I am going to work so have put the younger in the crate and left the older loose just in case. Im wondering if this is a 'phase' they are going through or if we should try and separate them longer term?


----------



## Maesfen (20 January 2011)

You didn't say which type terrier but we had Border Terriers for over 30 years and this happened to us only once (mother and daughter again, youngest was five years old so lived in harmony up until then but then suddenly started niggling each other which we kept in check for a couple of months but it suddenly flared up into full out war; they couldn't look at one another without having a right go so then we had to rehome the younger one as Borders never forget a grudge; they will keep it dormant for ages and then suddenly fly at that dog only, no others, for no reason that we can see so for us, it just wasn't worth the risk especially as we had a dozen more that all got on happily with both of them; it wasn't worth risking upsetting the applecart so the one had to go.  Borders are usually the happiest of dogs but if they do have a grudge they will never forget it so it's always advisable to rehome one if you can't guarantee being able to keep them apart.
It might settle down once the pecking order is established but are you prepared to risk a bloodbath if it doesn't and someone has forgotten to keep them seperate?


----------



## Ranyhyn (20 January 2011)

My old mother and son, labxspringer and mongrel, started and never stopped.  The dog was always after dominance and even in her old age they'd start.

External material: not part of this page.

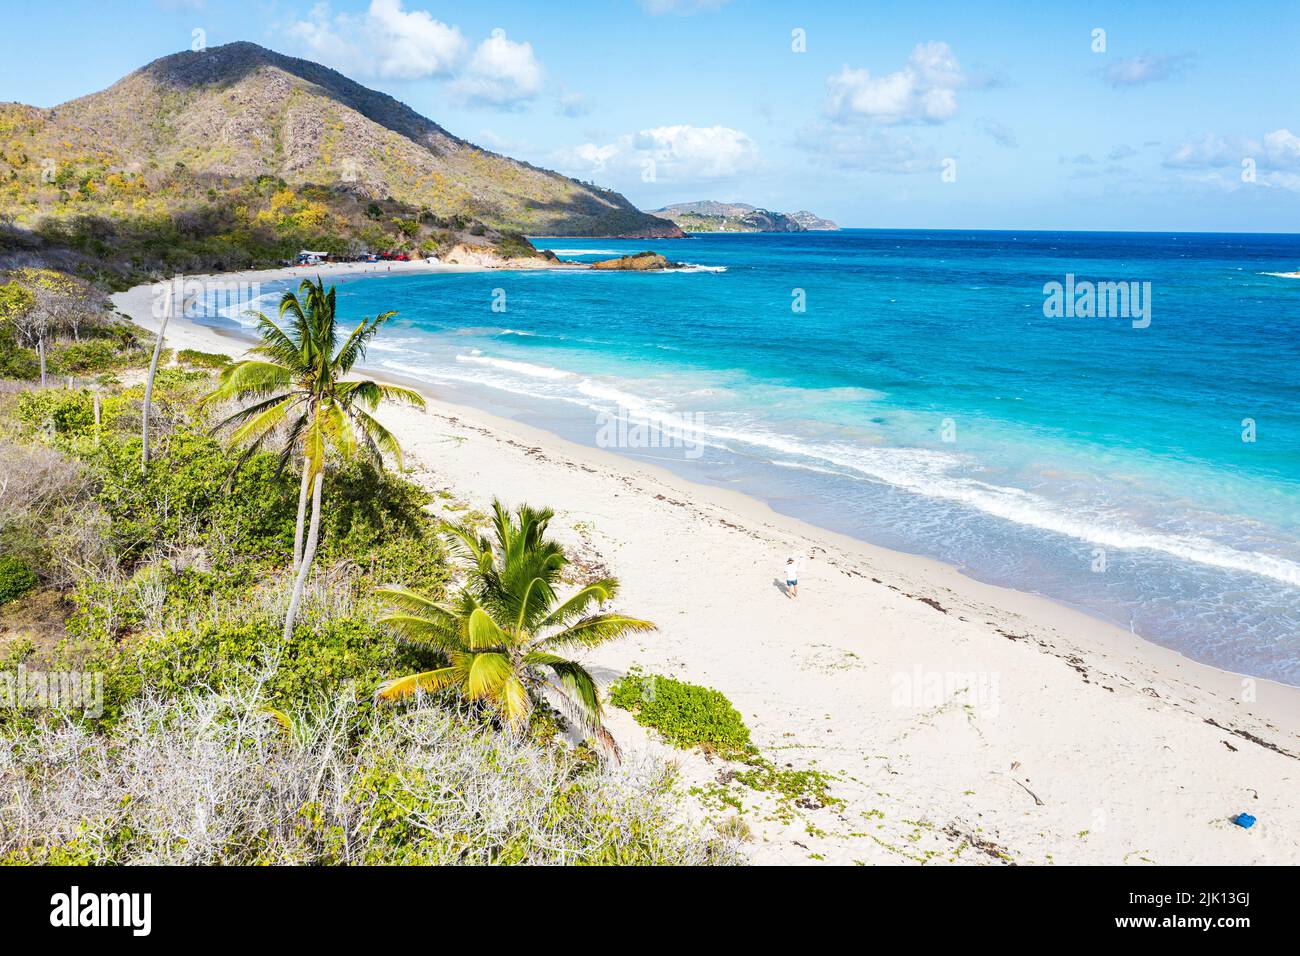 Une promenade touristique sur la plage vide bordée de palmiers, vue en hauteur, Rendezvous Beach, Antigua, West Indies, Caraïbes, Amérique centrale Banque D'Images

My terriers. Unrelated litter mates have only once gone at it.  A saucepan of water sorted it nicely, as smacking etc only escalates the problem.

However I am lead to believe in my books, a pack leader wouldn't be interested in lower level dogs fighting, but of course as owners you want it to stop so the pack leader always says what's ok and what's not ok.  Sounds like your bitches are fighting to be top female maybe?

Some people deliberately raise one's pack standing and drop anothers, let the mum sit higher than the pup, feed mum first etc but I don't know personally if that really works or not, maybe someone else can help.

If water doesn't work, stick through the collar and twist to choke them off.


----------



## jendie (20 January 2011)

This is a dominance issue and is happening because the youngster is reaching maturity and planning on being higher in rank than her mum. If you want to persevere you should support the stronger dog, even if this means supporting the youngster. Feed her first, pat her first and consistently give her priority over the mum. Getting mum speyed would reduce her standing further so that might help settle the issue.

But sometimes these fights get nasty and you might decide it would be easier for everyone if you rehomed one of the dogs.

PS Muzzles on both might prevent injuries and vet bills.


----------



## Bens_Mum (20 January 2011)

Thanks for the replies. They are jrt and similar size/ build. Favouring one seems to cause a riot as neither will back down. This morning the younger had the older by the neck and nothing was getting her off. The rottie took no notice at all and thankfully ignores both when they try to dominate her. Its such a shame as we adore both of them. I never imagined parting with either but it sounds like the only way forwards . . .


----------



## SamanthaG (20 January 2011)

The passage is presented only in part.